Embodying Saturn Part II
On bringing the planets back down to earth
This newsletter is part of a series on the magical-creative properties of the planets, as well as how to begin embodying them yourself.
So much of astrological study nowadays is confined to book learning but my understanding of the planets improved dramatically when I began engaging them directly. By doing so, I could conjure feelings, deeply-impressed images and great meaning behind the words I used to describe them. I could begin noticing Mercury or Mars acting in my daily life, bringing more of what I needed into my life through activities, planets, colors.
This newsletter offers you a portal to have your own connection to Saturn. It’s one thing to say Saturn is about deep thought or death but it’s another to be in the midst of a solitary study session or harvesting the last produce from your garden and think “Saturn would like this too”.

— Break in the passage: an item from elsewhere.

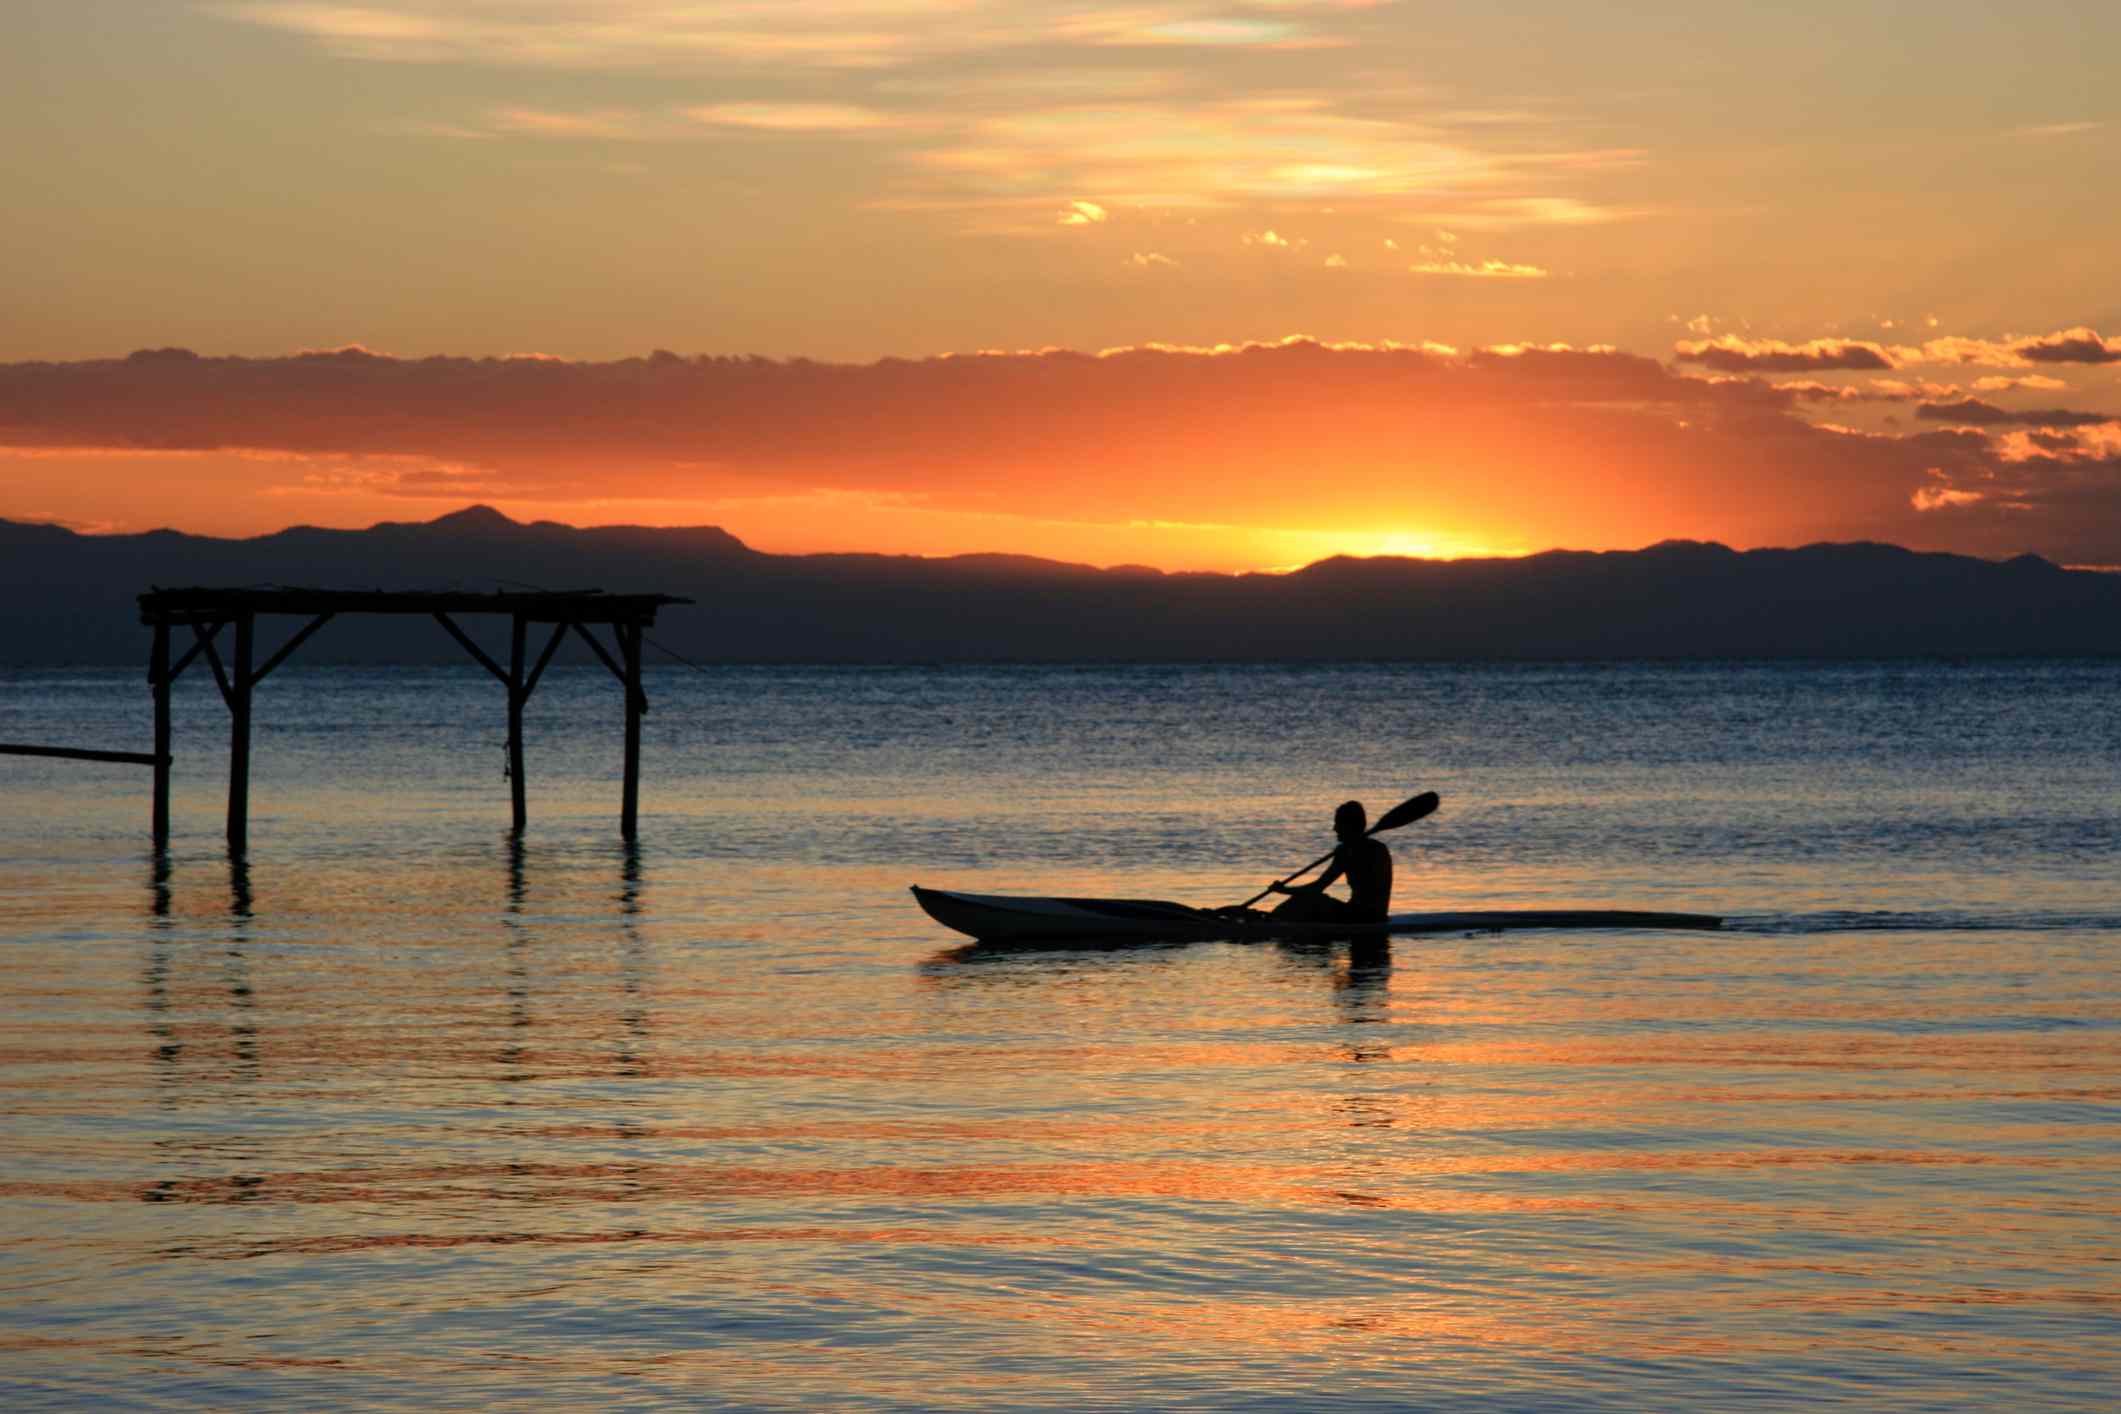 Un solo kayakista en el lago Malawi con una vívida puesta de sol naranja y amarilla en la distancia

If you want help connecting to your unique Saturn, and the rest of yourself through the stars, my books are currently open! My readings are meant to lift you up, to secure you against difficulty and remind you that there is always space, creativity, play. Book now to remember your place in the cosmos.
This writing is intentionally not technical and meant to be understood even by those who have not studied astrology but want to connect more deeply to their world and themselves. Remember: these planets all describe fundamental parts of us. Whether you try to or not, you embody Saturn everyday. By learning what functions and activities with which Saturn corresponds, you learn more about yourself and your life, with nothing added but attention.
By reaching this felt understanding of Saturn (and the other planets), I believe we are also able to be better magicians and artists— two categories whose differences are slowly shrinking in my eyes. Do we not need the same centeredness and momentum to create a piece of art as we do to create a spell or gaze into the future? Aren’t we vessels for something beyond our small self in both? This essay also delves into where in your creative-spiritual practice a dose of Saturn could serve you well.
To Read Part I on Embodying Saturn, click here.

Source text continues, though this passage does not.